You can use different visualization libraries such as Altair, Streamlit, matplotlib to plot your data.
Let's use Altair to easily visualize our data distribution as a histogram.
To learn more on how to visualize your data with other visualization libraries, refer to the documentation.
In addition to using your favorite Python data science libraries, you can also use the Snowpark API to query and process your data at scale within the Notebook.
First, you can get your session variable directly through the active notebook session. The session variable is the entrypoint that gives you access to using Snowflake's Python API.
from snowflake.snowpark.context import get_active_session
session = get_active_session()
Here we use the Snowpark API to write a pandas dataframe as a Snowpark table named SNOW_CATALOG
.
session.write_pandas(df, "SNOW_CATALOG", auto_create_table=True, table_type="temp")
You can use the Jinja syntax {{..}}
to refer to Python variables within your SQL queries as follows.
threshold = 5
-- Reference Python variable in SQL
SELECT * FROM SNOW_CATALOG where RATING > {{threshold}}
Likewise, you can reference a Pandas dataframe within your SQL statment:
-- Filtering from a Pandas dataframe
SELECT * FROM {{my_df}} where VAR = 6
Let's start with the output of cell21
in this notebook.
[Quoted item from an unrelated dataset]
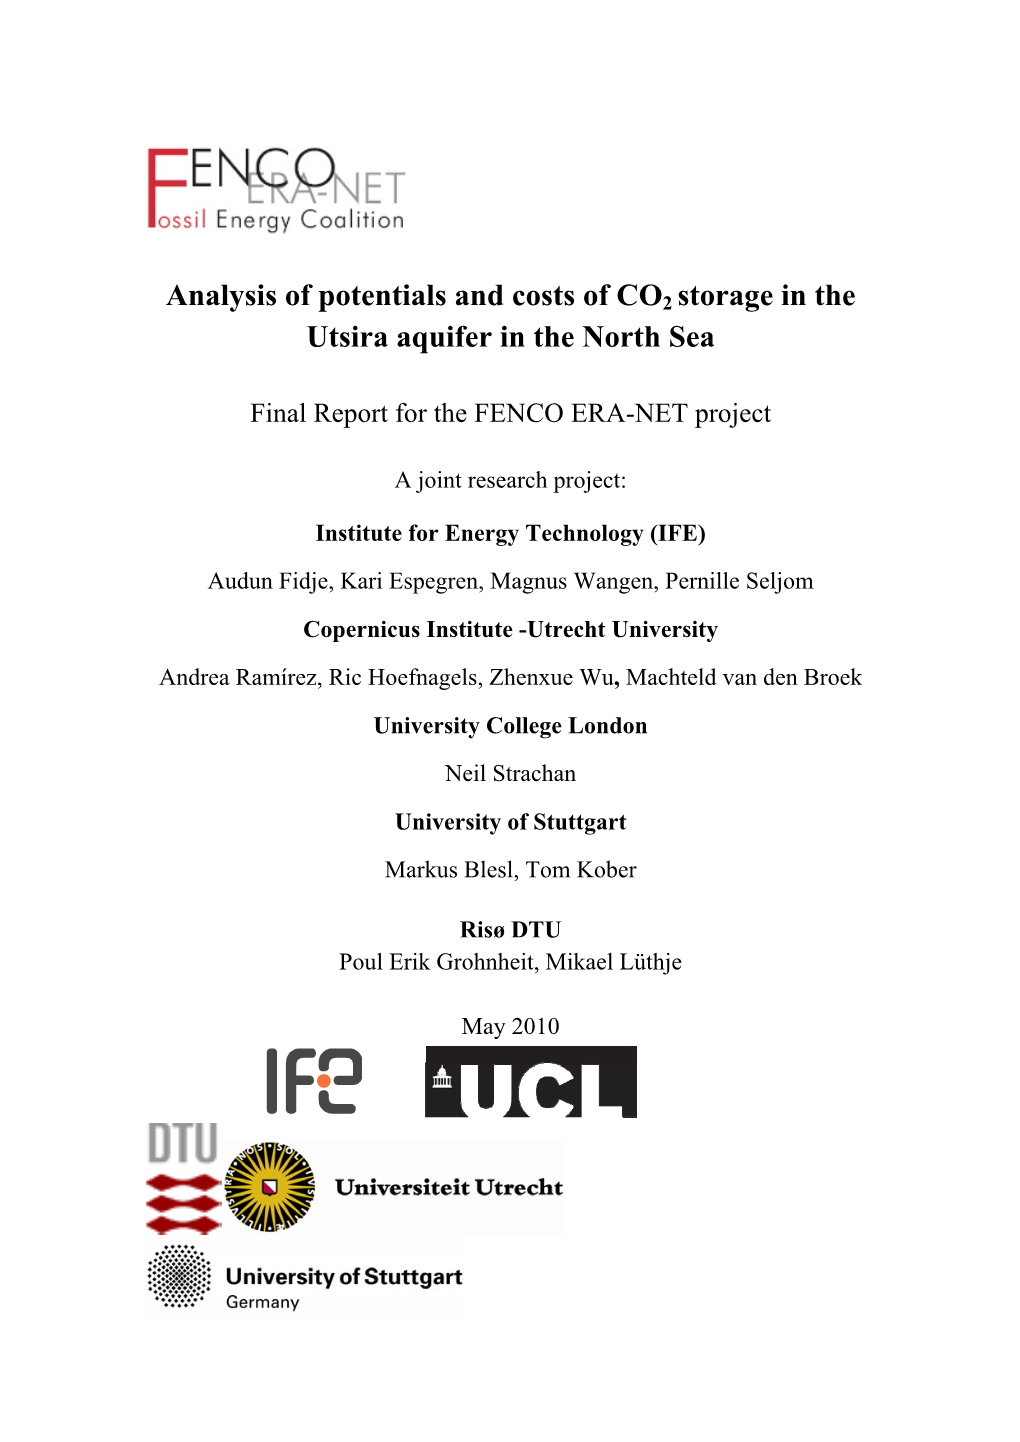 Analysis of Potentials and Costs of CO2 Storage in the Utsira Aquifer in the North Sea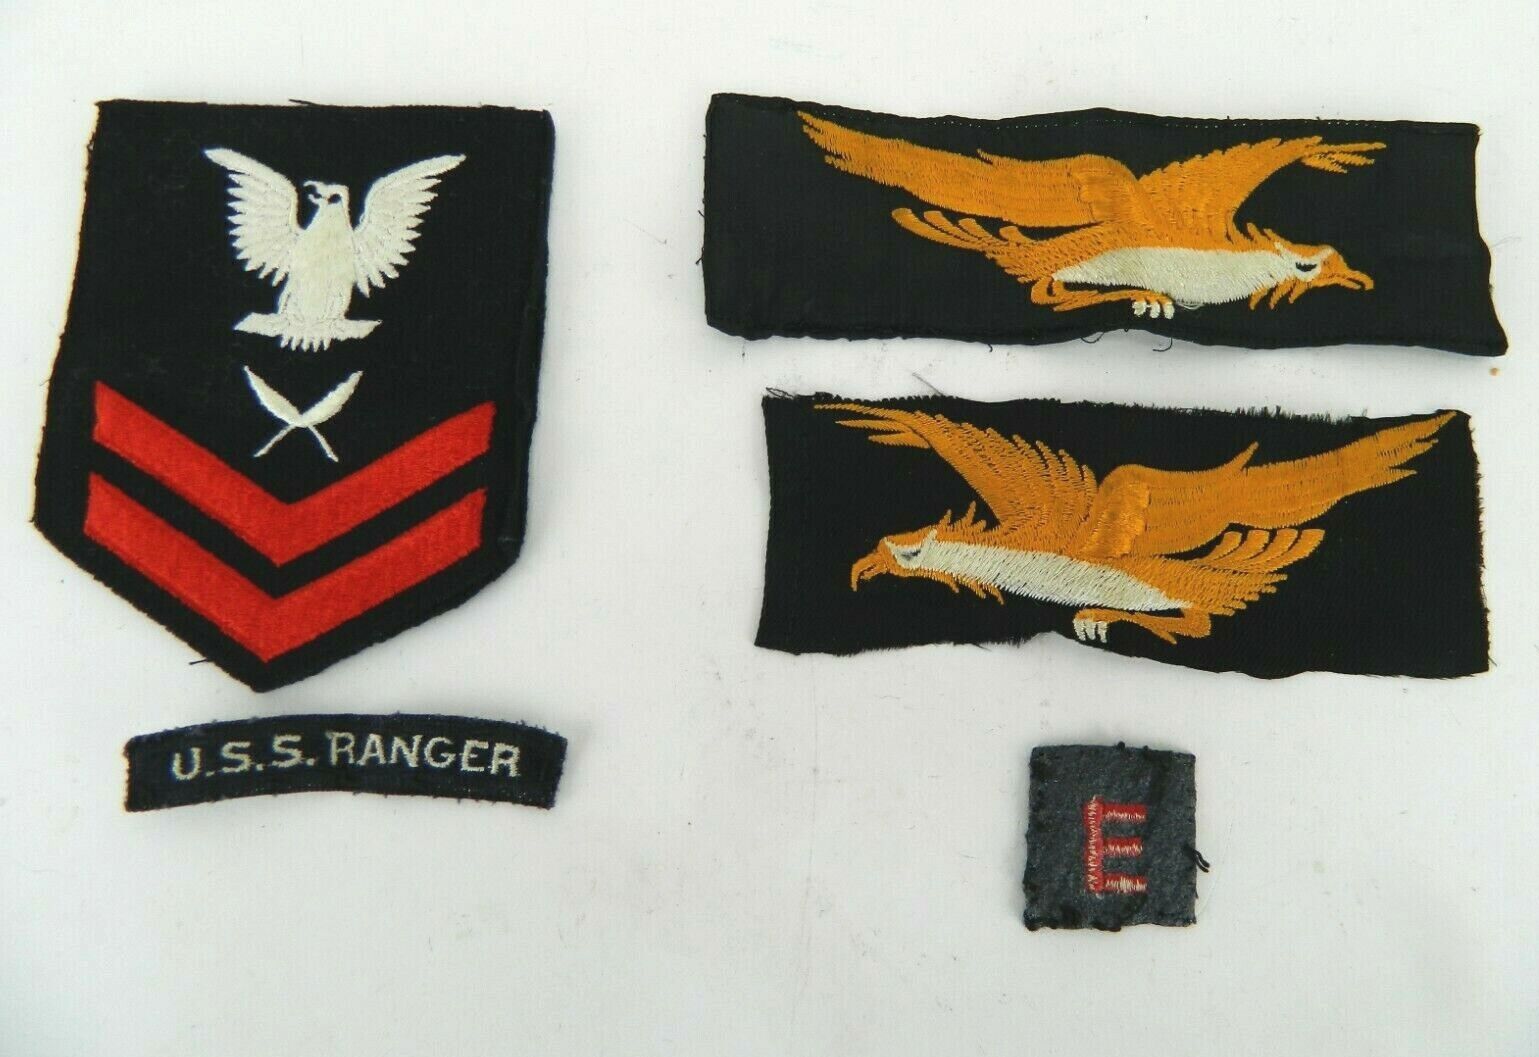 RARE Set of 5 VINTAGE UNITED STATES NAVY WWII Patches U.S.S. Ranger Ship

Here is how it looks!
SELECT * FROM SNOW_CATALOG;
You can simplify long subqueries with CTEs by combining what we've learned with Python and SQL cell result referencing.
For example, if we want to compute the average rating of all products with ratings above 5. We would typically have to write something like the following:
WITH RatingsAboveFive AS (
SELECT RATING
FROM SNOW_CATALOG
WHERE RATING > 5
)
SELECT AVG(RATING) AS AVG_RATING_ABOVE_FIVE
FROM RatingsAboveFive;
With Snowflake Notebooks, the query is much simpler! You can get the same result by filtering a SQL table from another SQL cell by referencing it with Jinja, e.g., {{my_cell}}
.
SELECT AVG(RATING) FROM {{cell21}}
WHERE RATING > 5
Putting all our learnings together, let's build a streamlit app to explore how different parameters impact the shape of the data distribution histogram.
Here is the code snippet to build interactive sliders:
import streamlit as st
st.markdown("# Move the slider to adjust and watch the results update! 👇")
col1, col2 = st.columns(2)
with col1:
mean = st.slider('Mean of on RATING Distribution',0,10,3)
with col2:
stdev = st.slider('Standard Deviation of RATING Distribution', 0, 10, 5)
Now, let us capture the mean and standard deviation values from the above slider and use it to generate a distribution of values to plot a histogram.
CREATE OR REPLACE TABLE SNOW_CATALOG AS
SELECT CONCAT('SNOW-',UNIFORM(1000,9999, RANDOM())) AS PRODUCT_ID,
ABS(NORMAL({{mean}}, {{stdev}}, RANDOM())) AS RATING,
ABS(NORMAL(750, 200::FLOAT, RANDOM())) AS PRICE
FROM TABLE(GENERATOR(ROWCOUNT => 100));
Let's plot the histogram using Altair.
# Read table from Snowpark and plot the results
df = session.table("SNOW_CATALOG").to_pandas()
# Let's plot the results with Altair
alt.Chart(df).mark_bar().encode(
alt.X("RATING", bin=alt.Bin(step=2)),
y='count()',
)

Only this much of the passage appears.